En écoutant la discussion entre la grand-mère et une dame qui lui disait «  les médicaments que je t’ai rapportés de Las Palmas » et en entendant que la vieille souffrait de «  mejeubneu », j’ai cru bon de dire à l’ancien qui semblait le savant de la famille qu’il fallait mieux éviter l’Ibuprofène quand on a des problèmes de meujeubneu et privilégier le paracétamol car elle semblait prendre de l’ibu depuis longtemps. Il a fallu que le médecin présent acquiesce pour qu’ils réalisent que la science de l'ancien n'était peut-être pas étrangère à leur présence en ces lieux.
 
Dans un état second, j’ai alors entendu parler d’un médecin de Las Palmas, j’ai cru que la vieille venait de là, et à cause d’une certaine expérience à Barcelone et plus jeune à Las Palmas, et surtout biyeu teurcheu, j’ai dit pour les conseiller qu’il n'y a pas de médecins là-bas et qu’ils feraient mieux d’aller au Maroc ou au Sénégal. Heureusement la vieille ne m’a pas entendu et le silence se fit dans la pièce. Ce n’est que plus tard que j’ai compris que la vieille devait aller à Las Palmas le lendemain.  La dame, certainement sa fille, qui semblait être la grande dame de l’équipe avec ses enfants, maris et femmes, m’a alors lancé avec un sourire énigmatique des mots dont le sens deymanien m’a complètement échappé mais voyant toute la famille sourire avec retenue, j’ai compris qu’il s’agissait d’un trait spirituel sans savoir si c’était à mes dépens ou ceux du médecin espagnol.
 
J’ai alors souri bêtement n’y comprenant rien comme un guerrier fatigué qui encaisse une pique venant d’une femme qui ne sait pas à qui elle parle. A mon expression, elle n’a pas dû saisir que je ne comprenais pas le trait mais elle a dû se dire qu’il a l’élégance du silence poli. En d'autres termes, elle m'a fait taire, ce qui est l'ultime victoire dans son milieu.
 
Pour me rattraper j’ai expliqué que la vieille n’avait rien de plus que son âge. Sa tension était formidable et le reste est le fruit de la peur.

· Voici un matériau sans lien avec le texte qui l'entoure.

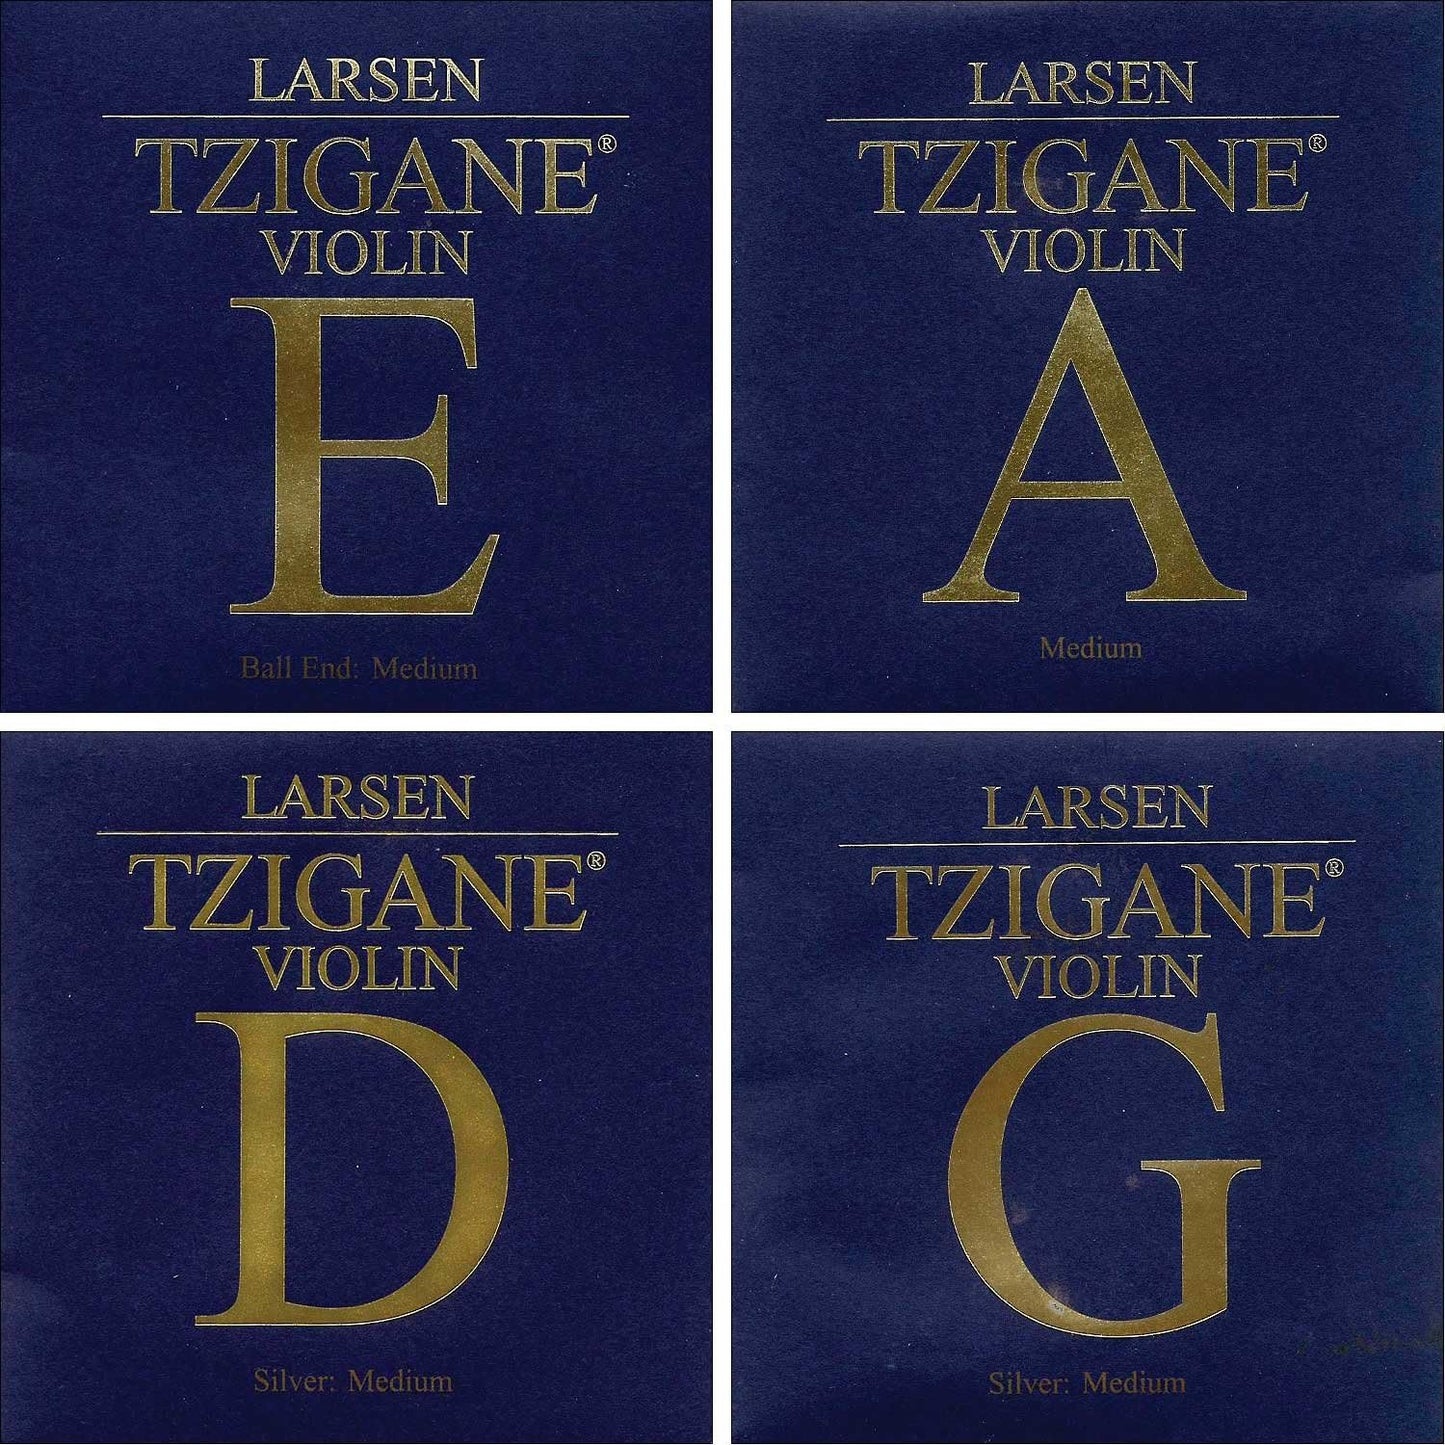 Larsen Tzigane Violin String Set- Medium (ball end)

L’ancien me dit en parfaite intelligence « oui la peur de la blouse blanche » ; L’incident de l’ibu était avalé.
 
Le médecin faisait des allers-retours entre la vieille et moi depuis que j’ai sorti ma carte pour qu’il sache qu’il a affaire à un journaliste histoire qu’il ne retourne pas dormir. Finalement la famille a dû repartir avec la vieille enfin rassurée.
 
Arrivée à mon niveau, la grand-mère m’a regardé avec un regard de reine en parfaite santé, le regard clair et brillant pour prendre de mes nouvelles avant de partir. Elle m’a souhaité chiva inchallah comme toute la famille un à un passant devant moi.
 
Quand je fus certain qu’ils étaient partis, j’ai appelé l’infirmier pour lui donner un pourboire car il avait réussi à me mettre la perfusion sans rater la veine et qu’il est resté présent pour suivre le goutte-à-goutte. J’en ai profité pour lui poser une question car quelque chose me gênait dans le regard de la dame, la fille de la malade. Elle semblait comme étonnée par mon comportement comme si j’aurais dû normalement la reconnaître.
 
C’est alors qu’il m’a appris que c’était telle grande diva que je connaissais de nom et sa famille.
 
J’ai regardé l’heure pour retourner vite à la plage avant le réveil de mon garçon. J’allais un peu mieux mais pas tant que ça, assez en tout cas pour reprendre la voiture. Mon frère m’a donné le traitement prescrit et j’en ai profité pour poser quelques questions au médecin pour comprendre pourquoi on trouve toujours les médecins aux urgences en train de dormir. Il m’a alors expliqué que son tour de garde était de 24H ! Incroyable. Au maximum ça devrait être 12h. Comment être opérationnel H24 ? C'est même dangereux. Pour dédouaner la clinique, il m'a dit qu'ils ont pris soin de lui et fait ce qu'il faut un tel jour de fête.
 
Je l’ai remercié pour son courage et sa disponibilité et j’ai repris la route vers la plage avant de rentrer chez moi où m'attendait une autre aventure avec la Somelec incapable de faire revenir le courant sans mettre en danger les appareils de tous les mauritaniens obligés d'éteindre tous leurs stabilisateurs à chaque coupure.